According to planet formation theories, any volatile element should have boiled away during the Earth's molten days some billions of years ago, or should have melded with the earth's core. Instead, carbon and the other elements that made life possible, stayed in the planet's mantle.

How did carbon life on Earth begin? Scientists from Rice University stumbled upon a (literally) earth-shattering, but plausible answer.

Petrologist Rajdeep Dasgupta proposes that the Earth could have been hit by an embryonic planet, similar to Mercury, some 4.4 billion years ago.

A drawing showing the Earth's collision with the embryonic planet. Credits: Rajdeep Dasgupta

Ratio of Elements

The researchers at Rice were not convinced by the popular theory that meteorites added the volatile elements when the Earth's surface was a lot more stable.
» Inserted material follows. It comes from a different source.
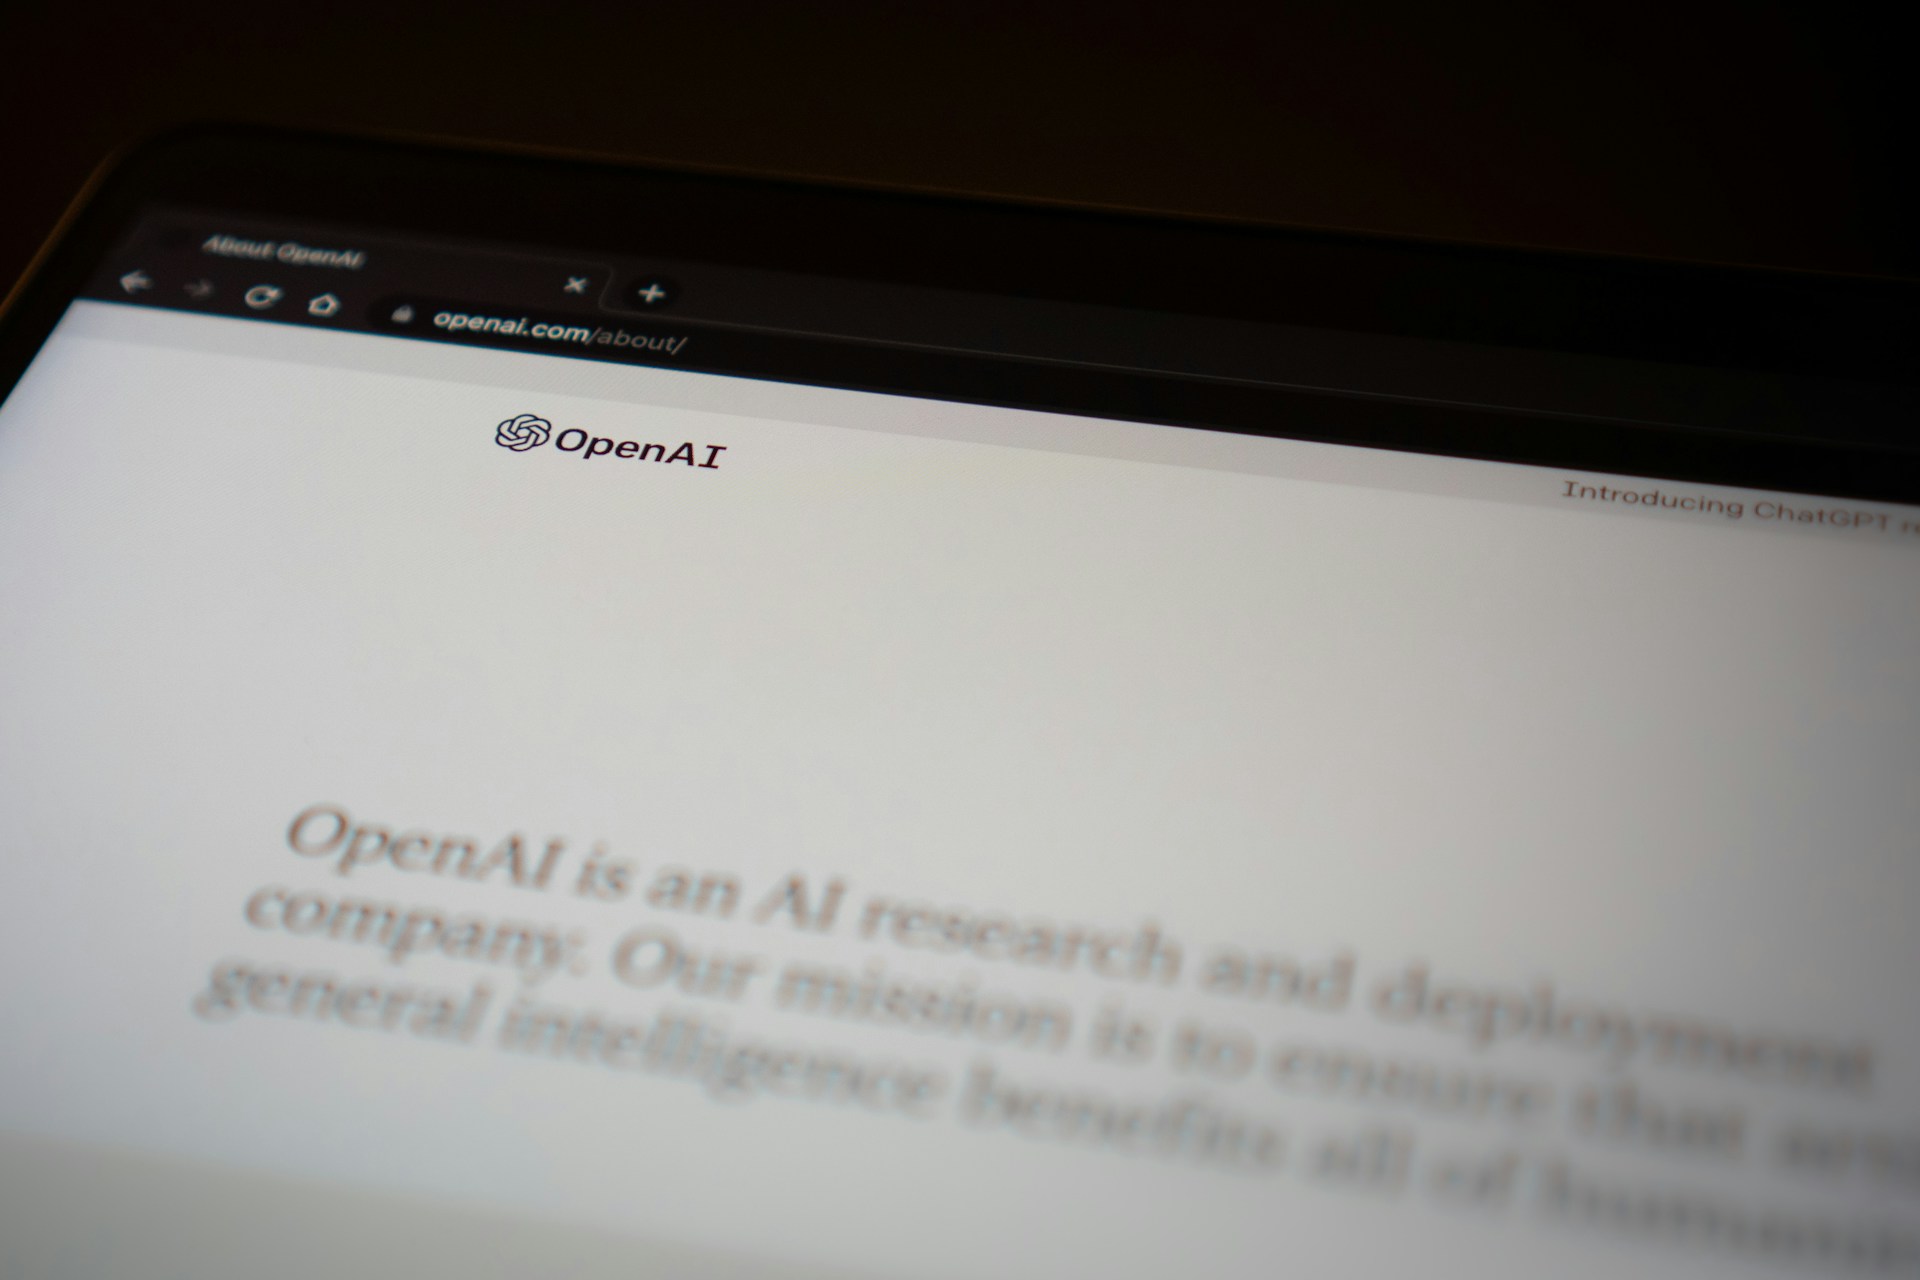 OpenAI firma un acuerdo estratégico con el Financial Times del Reino Unido, incluyendo el uso de contenido

They tried a different scenario.

Moving away from metal with strong affinity for carbon, the usual supposed initial core composition of planets, the researchers opted for sulfur-rich and silicon-rich alloys, mimicking the cores of Mars and Mercury. "It was a compositional spectrum that seemed relevant, if not for our own planet, then definitely in the scheme of all the terrestrial planetary bodies that we have in our solar system," says Dasgupta.

The researchers recreated the probable conditions of the collision in a high-pressure, high-temperature experiment. The result: carbon would have stayed in the mantle if the core was rich in silicon or sulfur. And this would have been possible if an embryonic planet with a silicon-rich core collided and combined with the Earth's own core.

If this is true, the answer to the question of what happens when worlds collide may turn out to be: life.

The study was published in the journal Nature Geoscience.